I risultati definitivi delle Elezioni Regionali in Veneto: “Nessuno perde, tutti festeggiano? Quando la matematica non è un’opinione”.
Analizzando i risultati definitivi delle elezioni Regionali del Veneto pubblicati sul sito ministeriale Eligendo, il primo dato che impressione negativamente è un’affluenza andata ben al di sotto della quota psicologica del 50%; ovvero un preoccupante – in termini di democrazia partecipata – del 44,65% per numeri mai visti in una regione storicamente tra le più propense a non disertare le urne.

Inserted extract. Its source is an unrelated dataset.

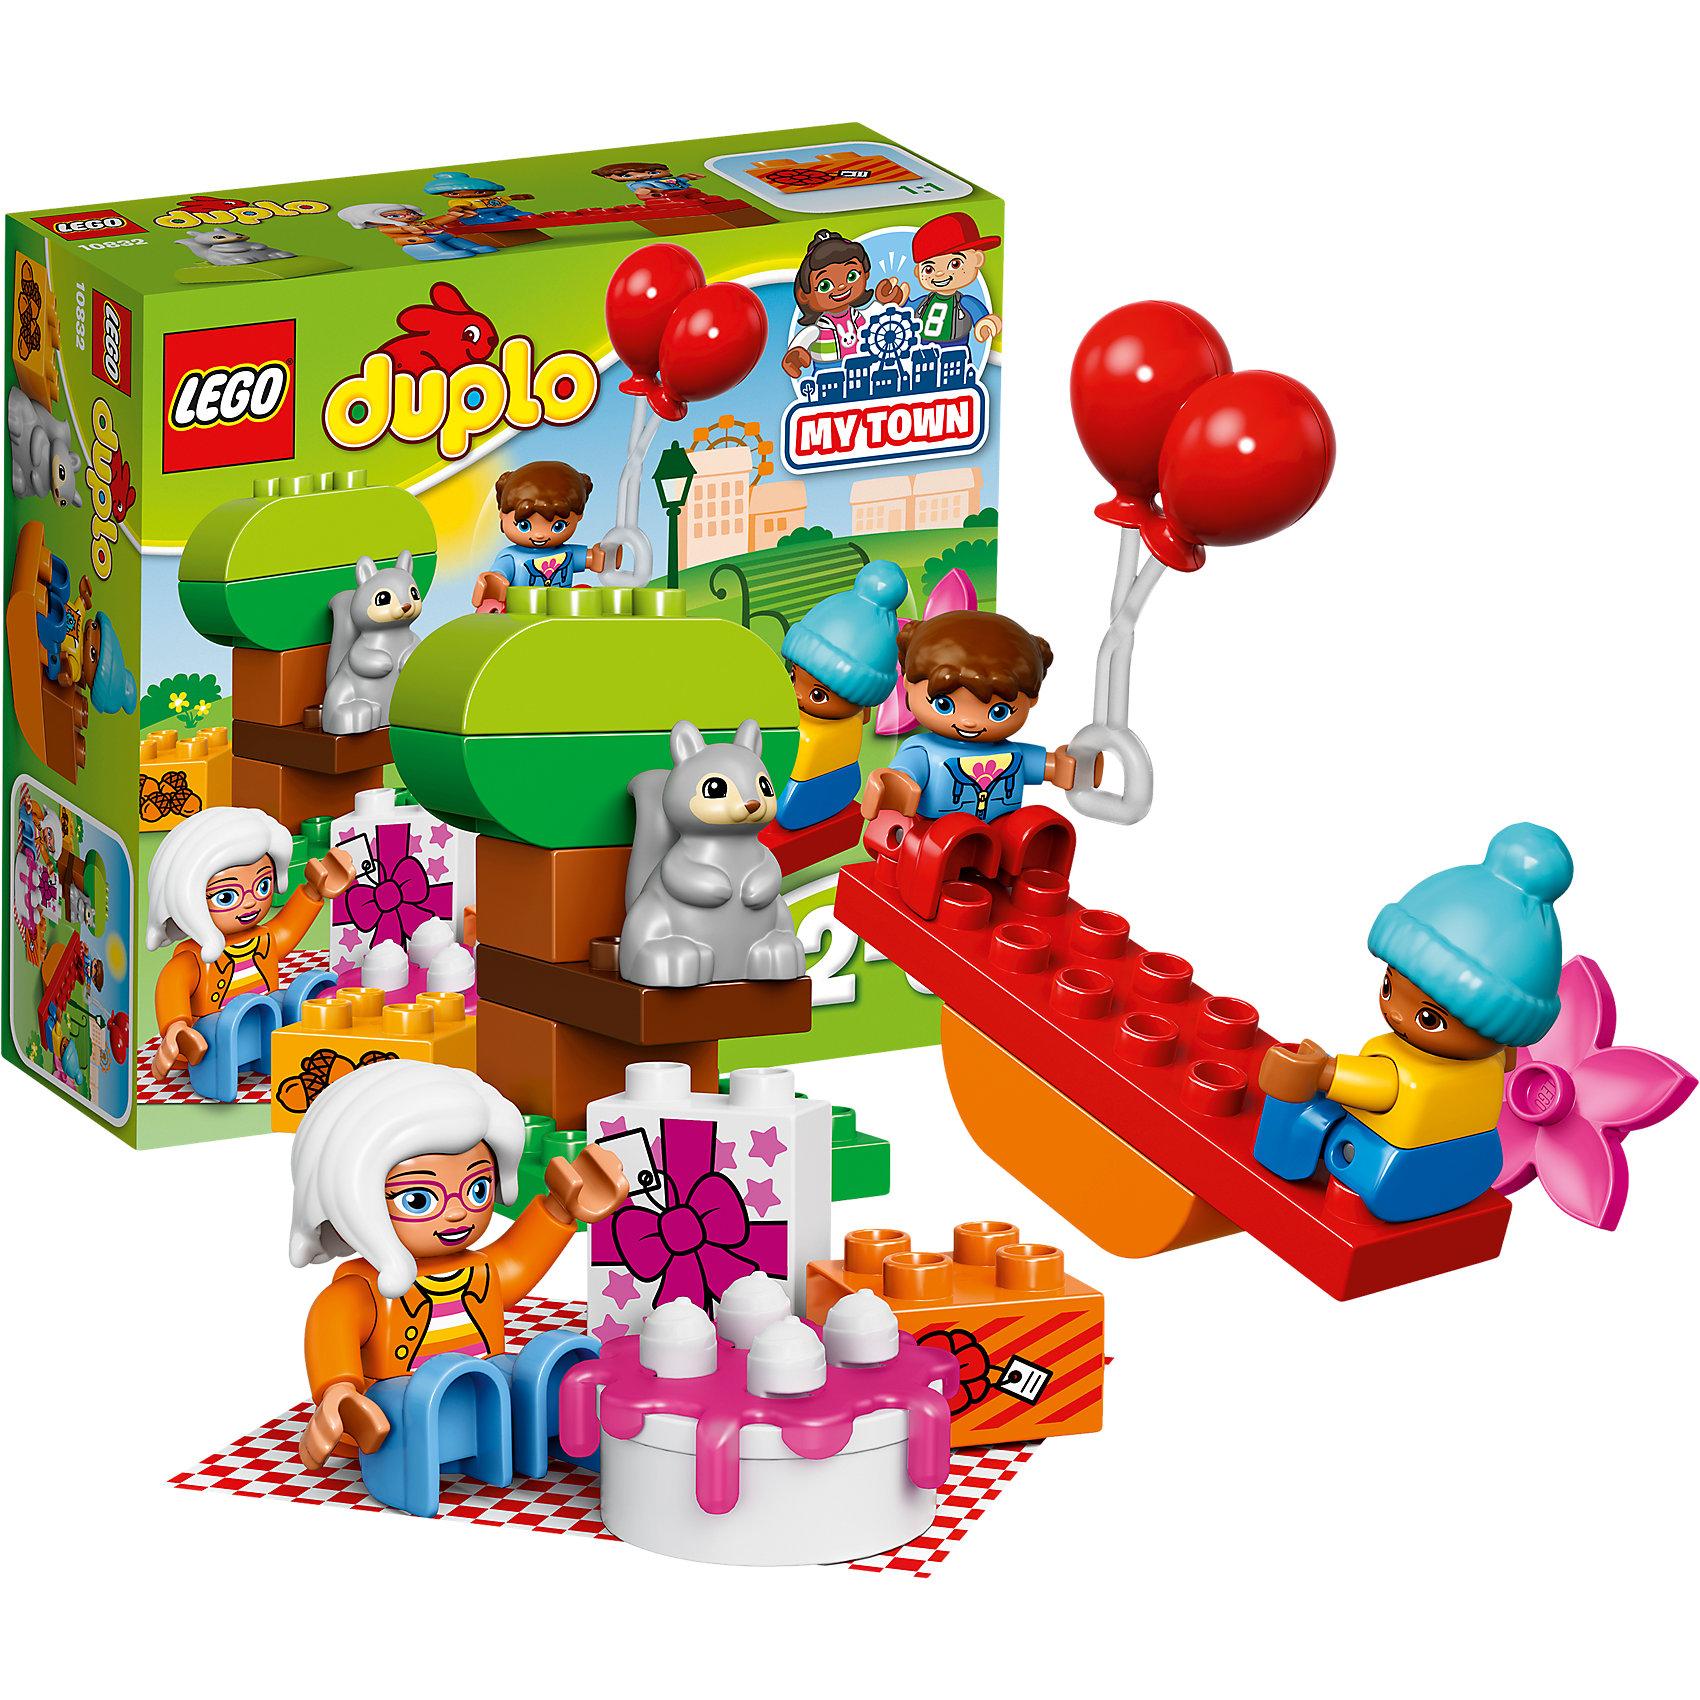 LEGO DUPLO 10832: День рожденияПластмассовые конструкторы<br>LEGO DUPLO 10832: День рождения<br><br>Характеристики:<br><br>- в набор входит: детали, 3 фигурки людей, фигурка белки, аксессуары, инструкция<br>- состав: пластик<br>- количество деталей: 19<br>- для детей в возрасте: от 2 до 5 лет<br>- Страна производитель: Дания/Китай/Чехия/<br><br>Легендарный конструктор LEGO (ЛЕГО) представляет серию «DUPLO» (Д?пло) для самых маленьких. Крупные детали безопасны для малышей, а интересная тематика, возможность фантазировать, собирать из конструктора свои фигуры и играть в него приведут кроху в восторг! В этом наборе бабушка устраивает день рождение своих внуков на пикнике в парке. Каждая фигурка отлично детализирована, в комплекте фигурки бабушки, девочки и мальчика. Расстелив клетчатое покрывало из комплекта бабушка достала сладкий торт и, конечно же, подарки. На раскидистом дубе сидит серенькая белочка, а под нам лежит горка желудей. Дети любят отдыхать с бабушкой в парке, а также кататься на качелях. Играя с этим конструктором дети смогут моделировать ситуации, фантазировать, развивать моторику ручек и создавать новые фигуры. <br><br>Конструктор LEGO DUPLO 10832: День рождения можно купить в нашем интернет-магазине.<br><br>Ширина мм: 191<br>Глубина мм: 205<br>Высота мм: 78<br>Вес г: 281<br>Возраст от месяцев: 24<br>Возраст до месяцев: 60<br>Пол: Унисекс<br>Возраст: Детский<br>SKU: 5002516

Nel dettaglio: Elettori aventi diritto al voto: 4.294.694 – Votanti effettivi: 1.917.577 – Affluenza 44,65% (precedenti elezioni 61,16%) Schede nulle: 23.429 – Schede bianche: 12.791 – Schede contestate: 85, che già portano il dato dell’affluenza ad un tondo tondo: 44% e dato che da solo rappresenta e misura il grado di fiducia e gradimento del corpo elettorale Veneto rispetto la proposta politica.
Come ampiamente previsto, primo giunge il giovane ex sindaco di Borgoricco Alberto Stefani del Centro-destra, parlamentare della Lega e uno dei 4 vice segretari nazionali che viene eletto Governatore del Veneto con 1.211.356 di voti (64,39%): Lega – Liga Veneta 607.220 (36,28%) – Fratelli d’Italia Giorgia Meloni 312.839 (18,69%) – Forza Italia Berlusconi Autonomia per il Veneto 105.375 (6,30%) – Liga Veneta Repubblica 30.703 (1,83%) che elegge lo storico Indipendentista l’avv. Alessio Morosin – Unione di Centro 28.109 (1,68%) – Noi Moderati Civici 18.768 (1,12%).
Secondo si piazza il Centro-sinistra che con l’avvocato ex sindaco di Treviso Giovanni Manildo ottiene 543.278 voti (28,88%): Pd 277.945 (16,60%) e Movimento 5 stelle 36.866 con un modesto (2,20%).
Terzo con 96.474 voti (5,13%) la sorpresa di Riccardo Szumski di Resistere che porta in Consiglio regionale anche il prof. Davide Lovat Indipendentista No-Vax da Vicenza, quarto Marco Rizzo di Democrazia Sovrana Popolare con 20.574 voti (1,09%) e fanalino di coda Fabio Bui di Popolari per il Veneto con 9.590 (0,51%).
Sul fronte dei vincitori esulta la Lega con le oltre 200.000 preferenze dell’ormai ex Luca Zaia e il doppiaggio numerico con l’alleato Fratelli d’Italia che però rispetto le politiche del 2022 perde quasi mezzo milione di voti (Politiche 2022 Camera voti 821. 620 – Europee 2024 voti 774.624 – Regionali 2025 voti 312.839): sacrificio che però nell’accordo nazionale prevede la vice presidenza e 5 assessorati al partito di Giorgia Meloni e che fa “festeggiare” e consolare il segretario regionale De Carlo e il segretario di Treviso Borgia, comunque eletto in consiglio regionale; brinda anche l’ex Lega Flavio Tosi di Forza Italia ma rimane fuori l’ex Europarlamentare Toni Da Re di recente passato sotto le insegne di Berlusconi; come nel Centro-sinistra il Verde Andrea Zanoni.
Quando la matematica non è un’opinione? Nella sostanza Alberto Stefani governerà con la fiducia direttamente espressa di neanche 3 veneti su 10, con oltre 3 milioni di elettori che a vario titolo lo hanno snobbato: questi sono i numeri nudi e crudi della nostra democrazia partecipata. Cosa avranno da festeggiare vincitori e vinti in questa specie di Lotteria di Capodanno, oltre forse all’agognata Carega rimane proprio un bel mistero.